According to results from low-temperature N2 adsorption and high-pressure MIP, full-scale pore structures are represented (Figure 9). Theoretically, high-pressure MIP can be used to detect pore structures with pore diameters ranging from 3.6 nm to 100,000 nm [35,36]. However, in shale samples with high amounts of organic matter and clay minerals, pore volumes estimated from pores of 3.6 nm~100 nm are always overestimated by the high-pressure MIP method. The reasons are, on the one hand, that micropores related to organic matter and clay minerals will be formed due to very high pressure; on the other hand, ink bottle-shaped pores with a pore throat less than 100 nm are not detected accurately [37]. Thus, we use low-temperature N2 adsorption and high-pressure MIP to analyze pores with diameters of 2 nm~100 nm and 100 nm~100,000 nm, respectively. To better evaluate pore distributions, pore diameter is divided into four categories according to mesopore/macropore boundaries (the solid line) and distributing peaks (the dotted lines) in Figure 9. Table 2 presents the pore volumes of the four categories, which are referred to as Volume 1 (2 nm < D < 50 nm), Volume 2 (50 nm < D < 100 nm), Volume 3 (100 nm < D < 10,000 nm) and Volume 4 (10,000 nm < D < 100,000 nm).
Each sample shows a higher Volume 1 than Volume 2, Volume 3, and Volume 4 (Table 2). Average Volume 1 for the laminated organic matter-lean shale is 0.029 cm3/g, which is higher than that for the unlaminated organic matter-intermediate shale (0.019 cm3/g) and laminated organic matter-rich shale (0.011 cm3/g) (Figure 10a). Whereas, average volumes 2, 3, and 4 for the laminated organic matter-lean shale are 0.0019 cm3/g, 0.0011 cm3/g, and 0.0030 cm3/g, which are close to those for the unlaminated organic matter-intermediate shale and laminated organic matter-rich shale (Figure 10a).

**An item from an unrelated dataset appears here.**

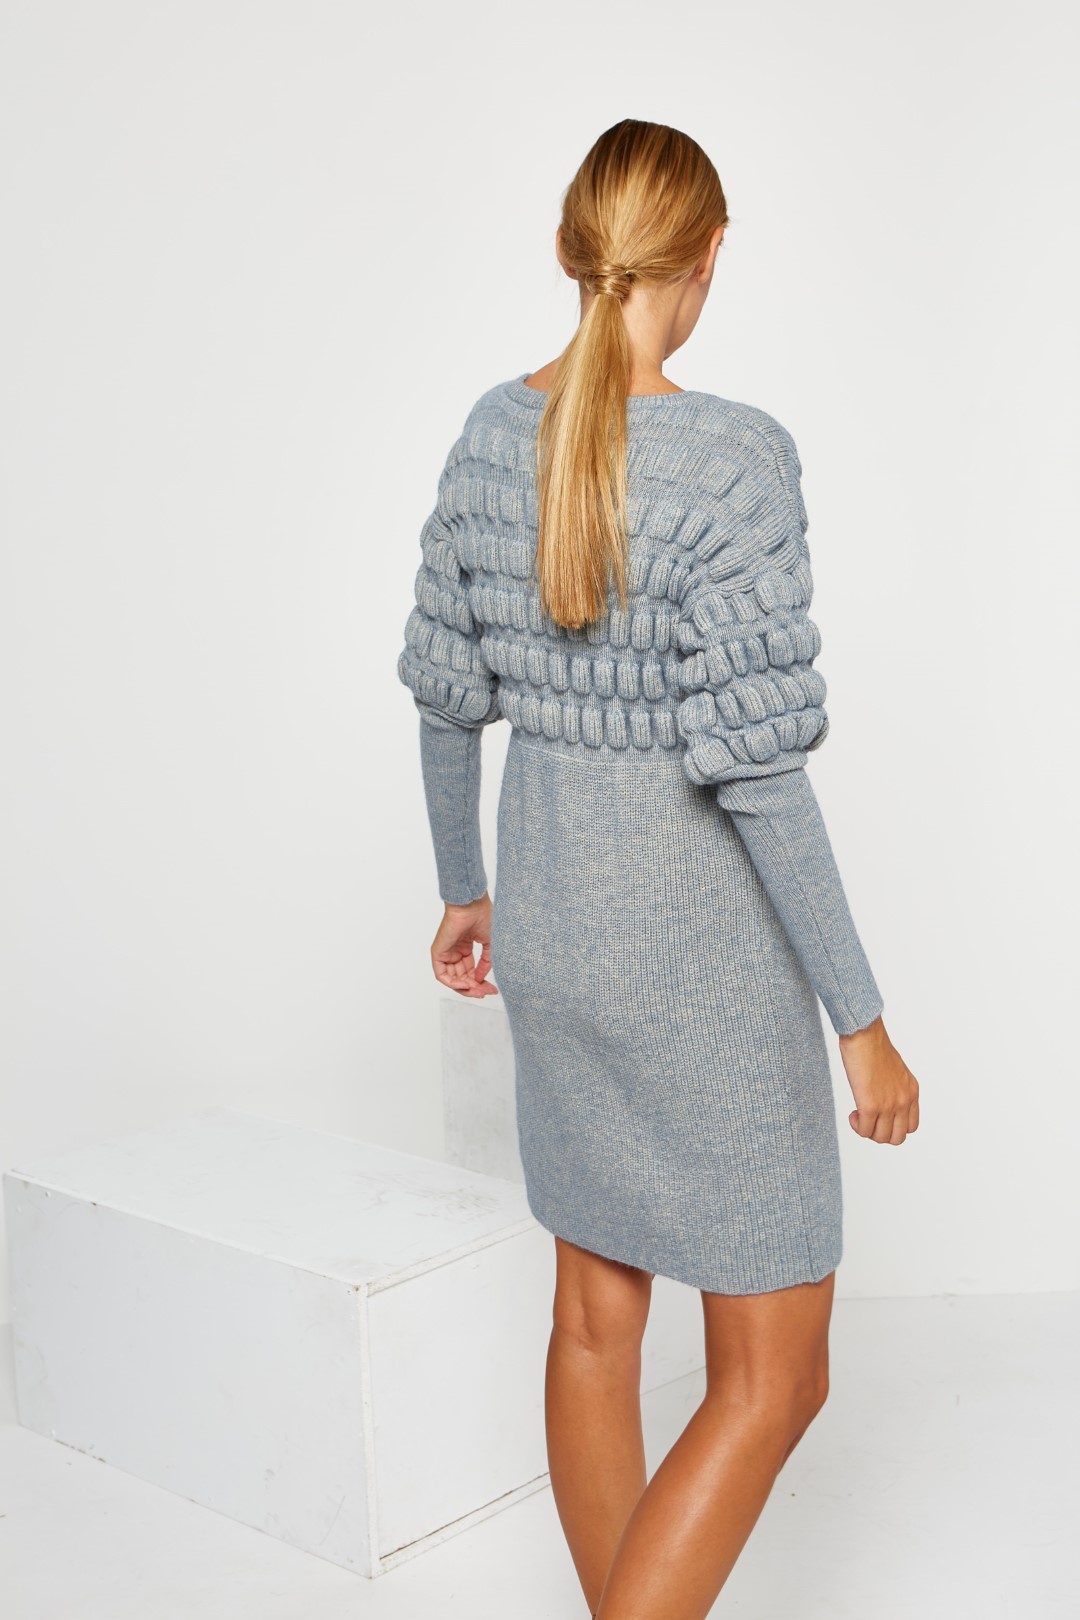 Short knit dress with puffy texture

This indicates that mesopore is the dominant pore type for all the shale, as the percents of Volume 1 are 82.9%, 73.7%, and 62.5% for the laminated organic matter-lean shale, unlaminated organic matter-intermediate shale, and organic matter-rich shale (Figure 10b). Percentages of Volume 4 are 8.6%, 16.4%, and 21.1% for the laminated organic matter-lean shale, unlaminated organic matter-intermediate shale, and laminated organic matter-rich shale (Figure 10b). Therefore, the pore space of the low-matured shale in the third member of the Jiufotang Formation is mainly contributed by mesopores, followed by macropores with diameters of 10,000 nm~100,000 nm.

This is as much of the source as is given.